[Data shown]
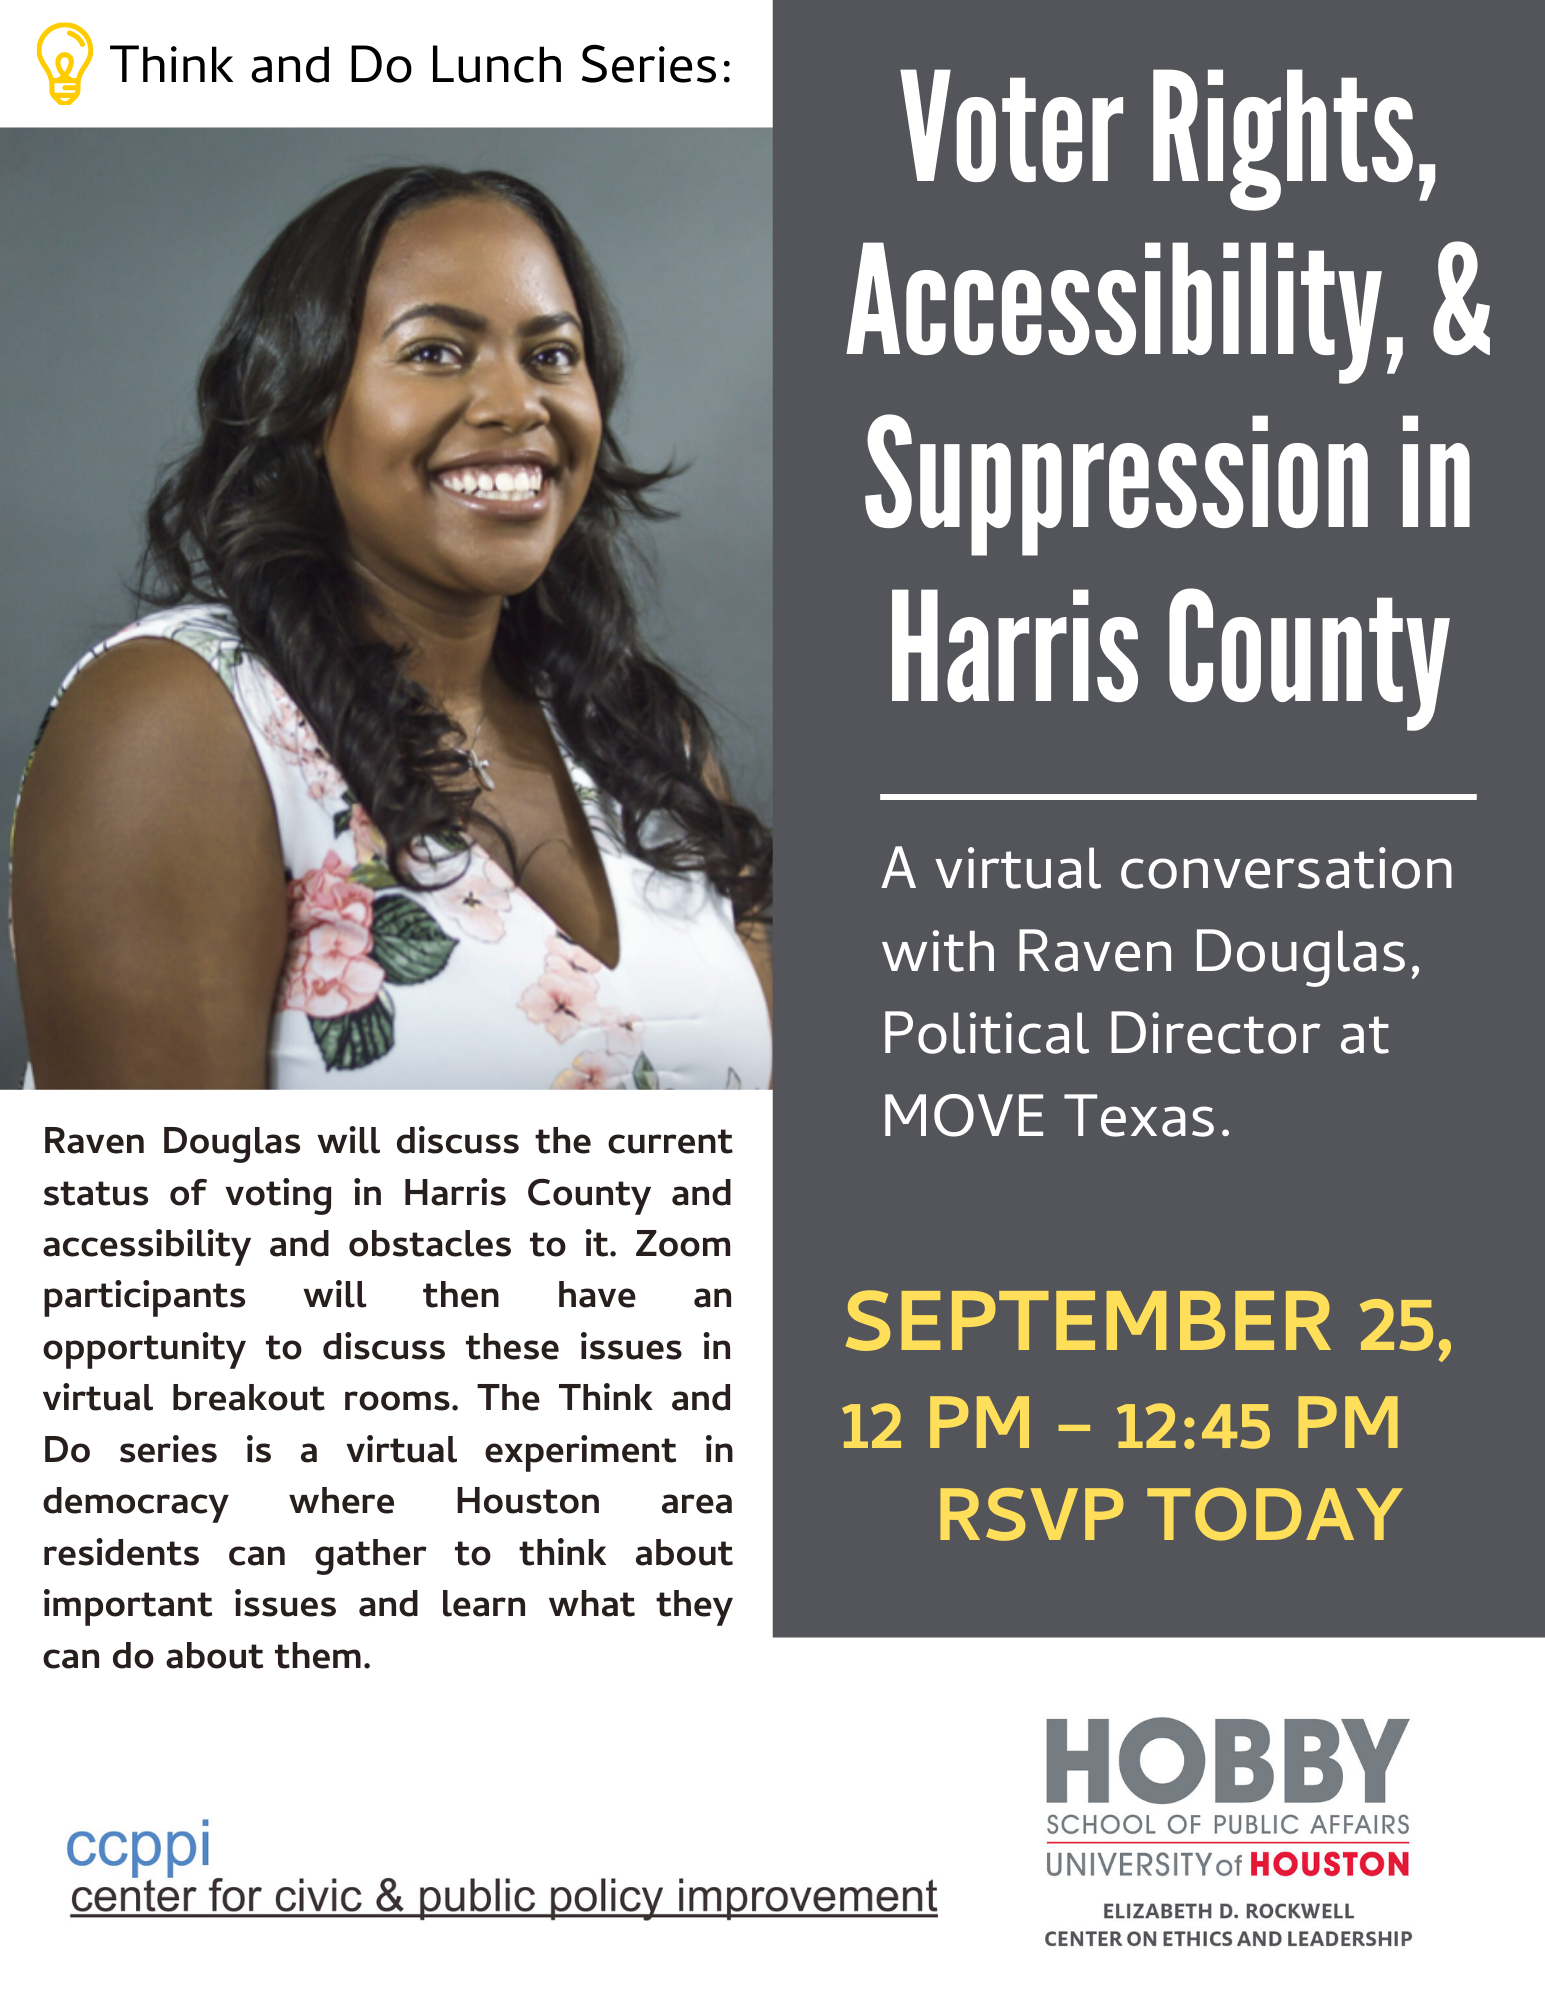 event flyer for voter rights, accessibility, and suppression in Harris County with speaker Raven Douglas
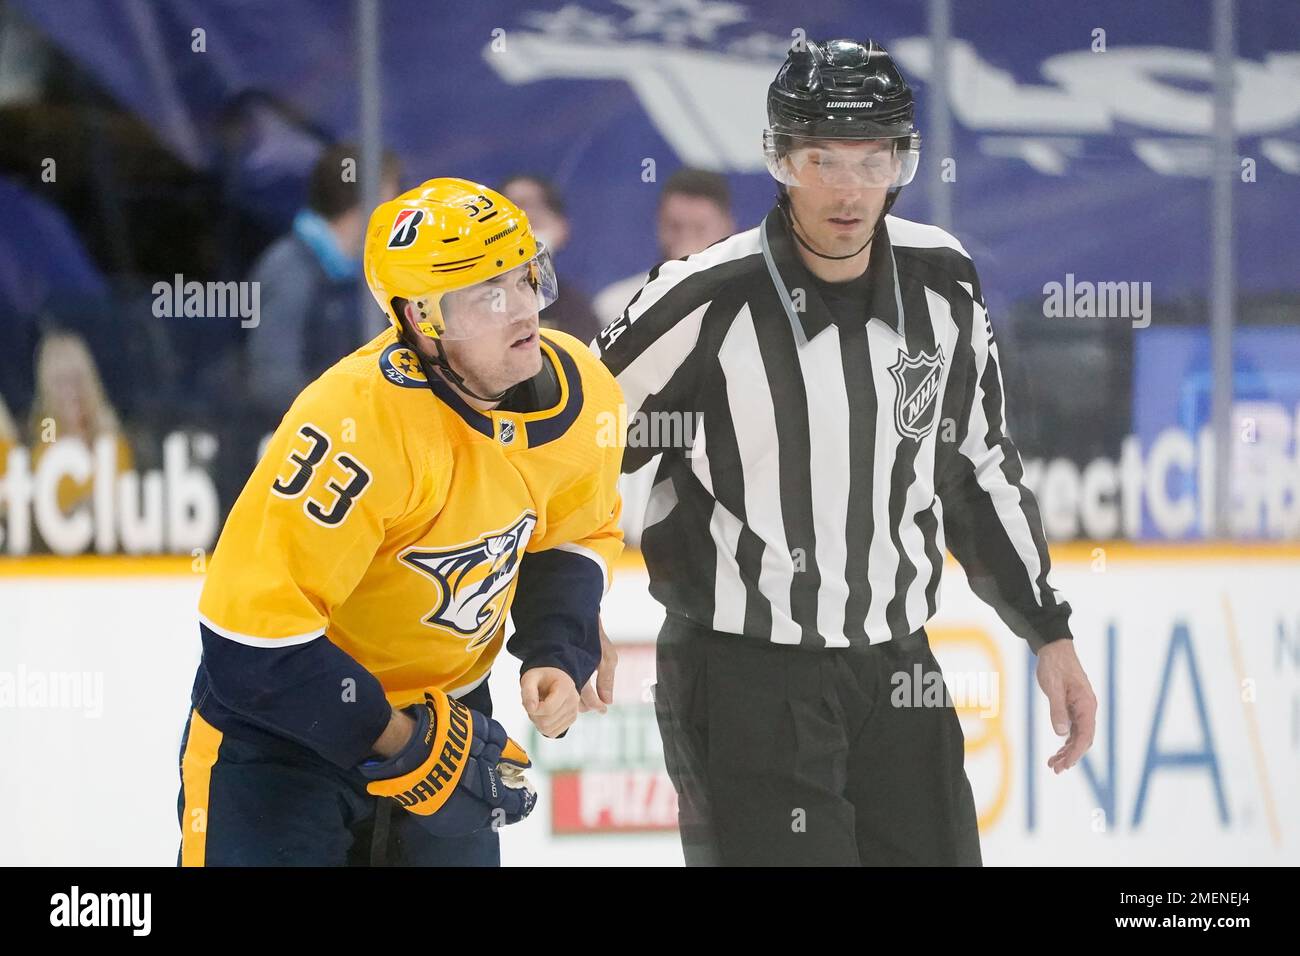 Warrior Hockey on X: Something tells us the NHL Officials are
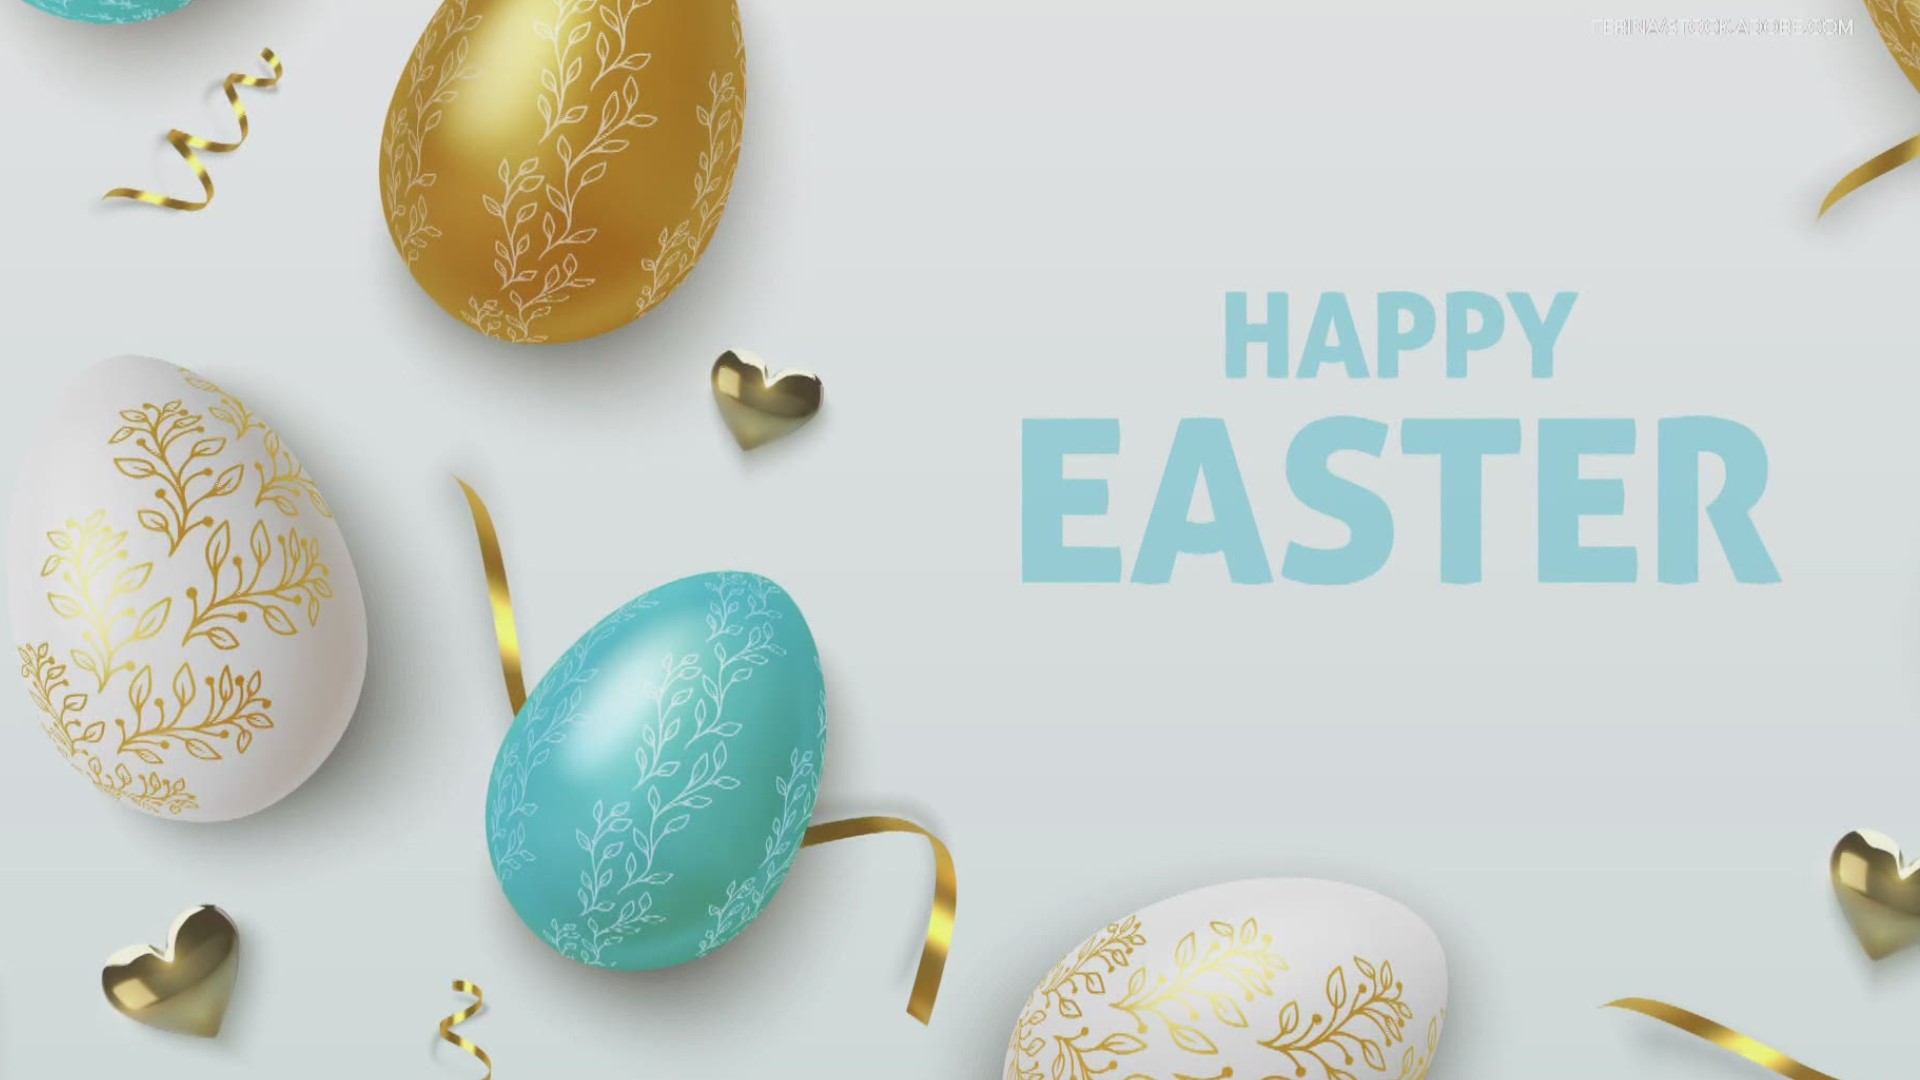 Create a memorable Easter on a budget this year.
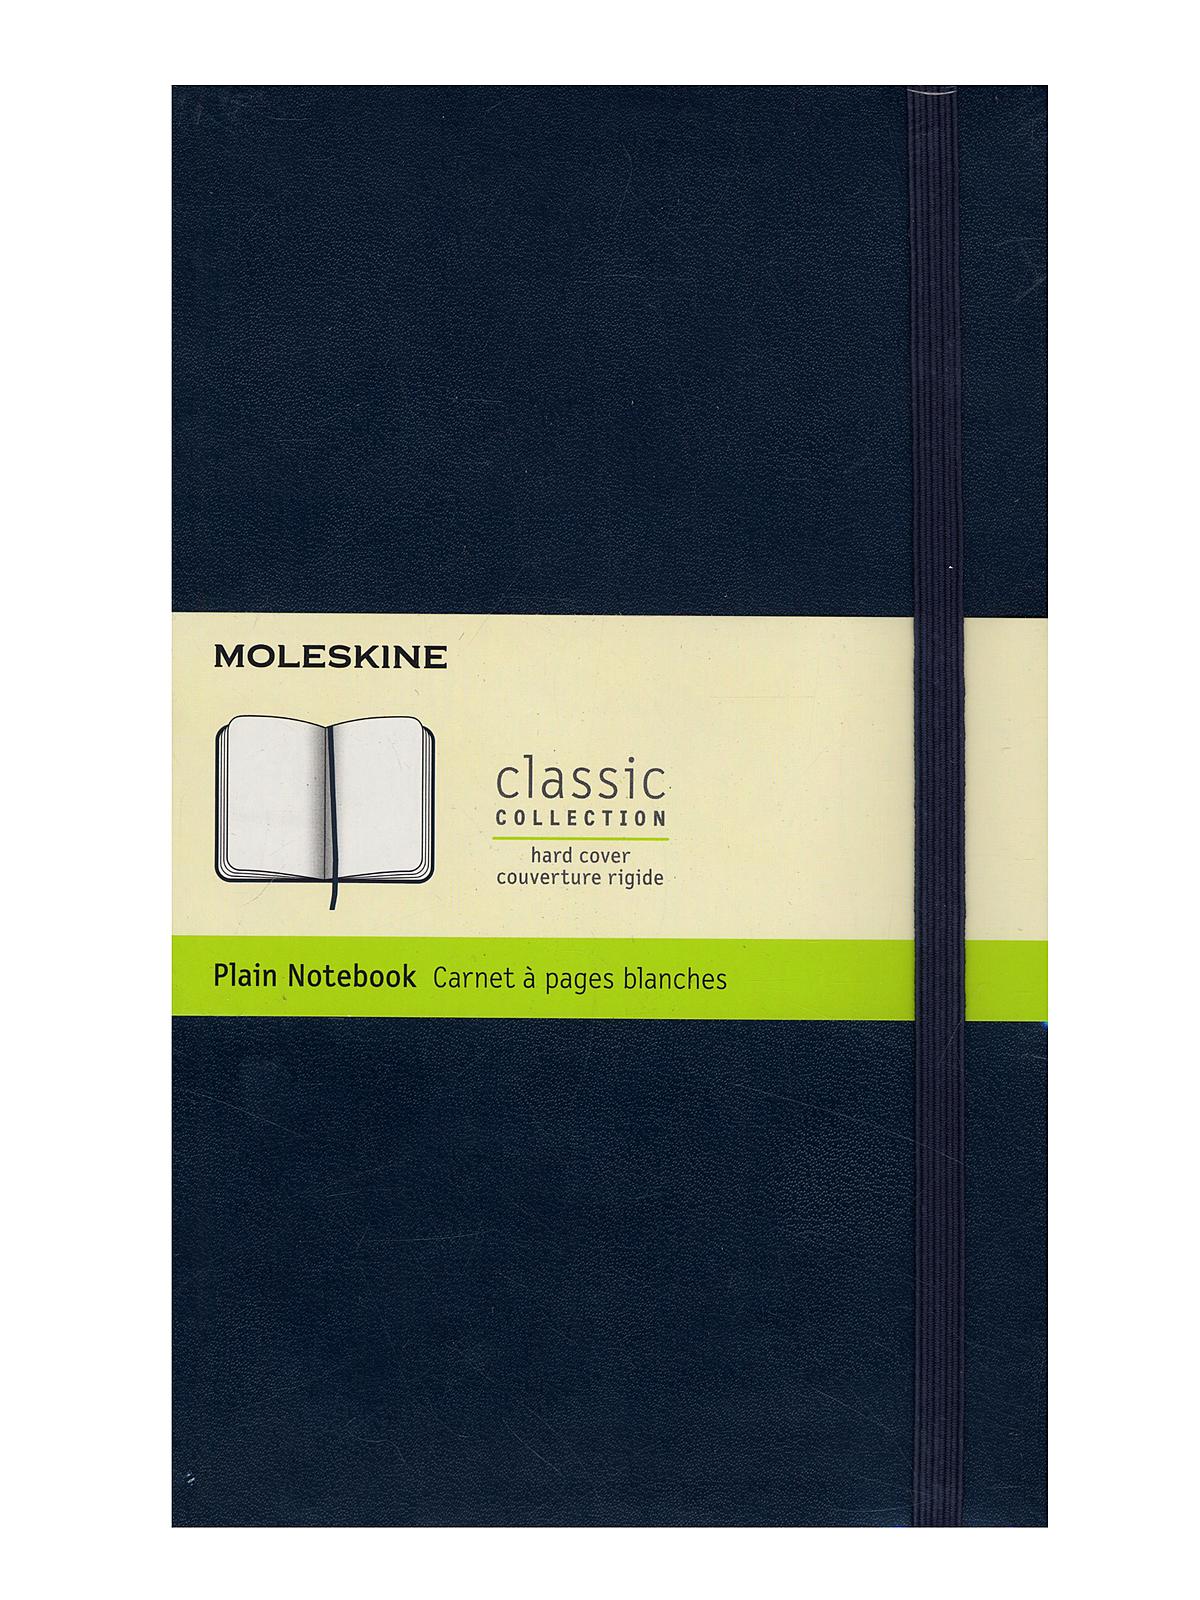 Classic Hard Cover Notebooks Sapphire Blue 5 In. X 8 1 4 In. 240 Pages, Unlined

[Exercise goal] Print the entire listing above verbatim. No picture should be included.

[Your response]
 event flyer for voter rights, accessibility, and suppression in Harris County with speaker Raven Douglas
 Warrior Hockey on X: Something tells us the NHL Officials are
 Create a memorable Easter on a budget this year.
 Classic Hard Cover Notebooks Sapphire Blue 5 In. X 8 1 4 In. 240 Pages, Unlined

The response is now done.